Jupiter was emitting bursts of X-rays every 27 minutes during the research.

The charged ion particles that reach the atmosphere come from volcanic gas flowing into space from huge volcanoes on Jupiter’s moon, Io, according to a study published in Science Advances.

Due to collisions in Jupiter’s near vicinity, this gas becomes ionized, meaning its atoms are stripped of their electrons, generating a doughnut of plasma that encircles the planet.

“Now that we have found this fundamental process, there are a multitude of possibilities for where it could be investigated next,” said co-lead author Dr Zhonghua Yao of the Chinese Academy of Sciences in Beijing.

XRayAurora2 “Similar processes certainly occur around Saturn, Uranus, Neptune, and possibly exoplanets as well, with different sorts of charged particles’surfing the waves,” according to the current study, which looked at images of Jupiter and its surroundings made by the Juno and XMM-Newton satellites over a 26-hour period.

They discovered a striking link between Juno’s plasma waves and X-ray auroral flares recorded by X-MM Newton at Jupiter’s north pole.

After that, the specialists utilized computer modeling to confirm that the waves would propel the heavy particles into the planet’s atmosphere.

Yet, it is unknown why the magnetic field lines vibrate on a regular basis.

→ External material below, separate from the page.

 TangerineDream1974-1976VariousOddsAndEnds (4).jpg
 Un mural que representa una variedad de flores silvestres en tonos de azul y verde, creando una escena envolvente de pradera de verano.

The vibrations could be caused by interactions with the solar wind or high-speed plasma flows within Jupiter’s magnetosphere, according to researchers.

Jupiter’s magnetic field is incredibly powerful – around 20,000 times stronger than Earth’s – and as a result, its magnetosphere, or the area influenced by this magnetic field, is enormous.

It would cover a region several times the size of our moon if visible in the night sky.